An Adaptive Phase-Amplitude Reduction Framework Without $\mathcal{O}(\epsilon)$ Constraints on Inputs

TL;DR

This paper introduces an adaptive phase-amplitude reduction method for oscillators that works with large, arbitrary inputs, overcoming previous limitations on input size and derivative constraints, and accurately predicts synchronization.

Contribution

It develops a novel reduction framework leveraging isostable reduction that removes input restrictions and maintains accuracy for strongly perturbed oscillators.

Findings

Accurately predicts synchronization and entrainment in strongly perturbed oscillators.

Works without restrictions on input magnitude or derivatives.
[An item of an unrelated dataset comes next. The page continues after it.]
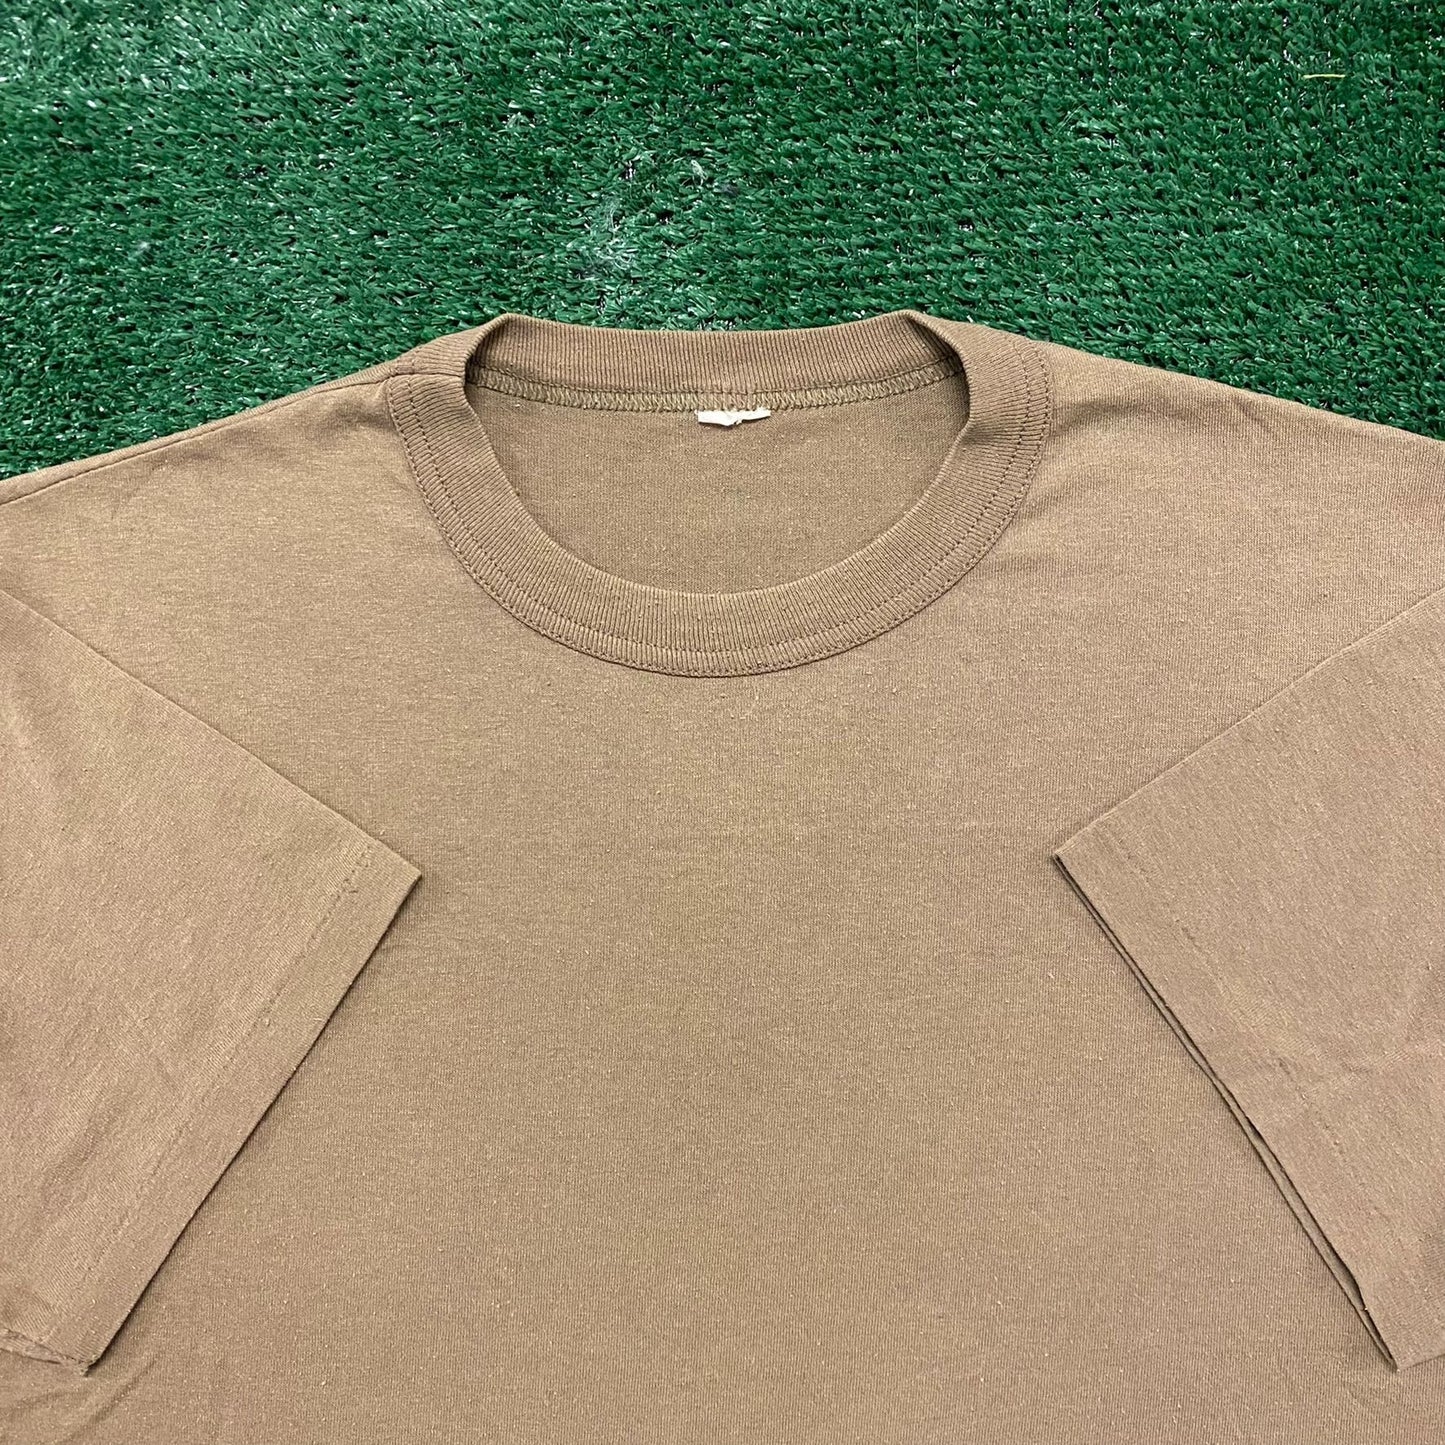 Tan Khaki Vintage 90s Blank Plain Single Stitch T-Shirt

Maintains dimension reduction comparable to existing methods.

Abstract

Phase reduction is a well-established technique used to analyze the timing of oscillations in response to weak external inputs. In the preceding decades, a wide variety of results have been obtained for weakly perturbed oscillators that place restrictive limits on the magnitude of the inputs or on the magnitude of the time derivatives of the inputs. By contrast, no general reduction techniques currently exist to analyze oscillatory dynamics in response to arbitrary, large magnitude inputs and comparatively very little is understood about these strongly perturbed limit cycle oscillators. In this work, the theory of isostable reduction is leveraged to develop an adaptive phase-amplitude transformation that does not place any restrictions on the allowable input. Additionally, provided some of the Floquet multipliers of the underlying periodic orbits are near-zero, the proposed method yields a reduction in dimension comparable to that of other phase-amplitude reduction frameworks. Numerical illustrations show that the proposed method accurately reflects synchronization and entrainment of coupled oscillators in regimes where a variety of other phase-amplitude reductions fail.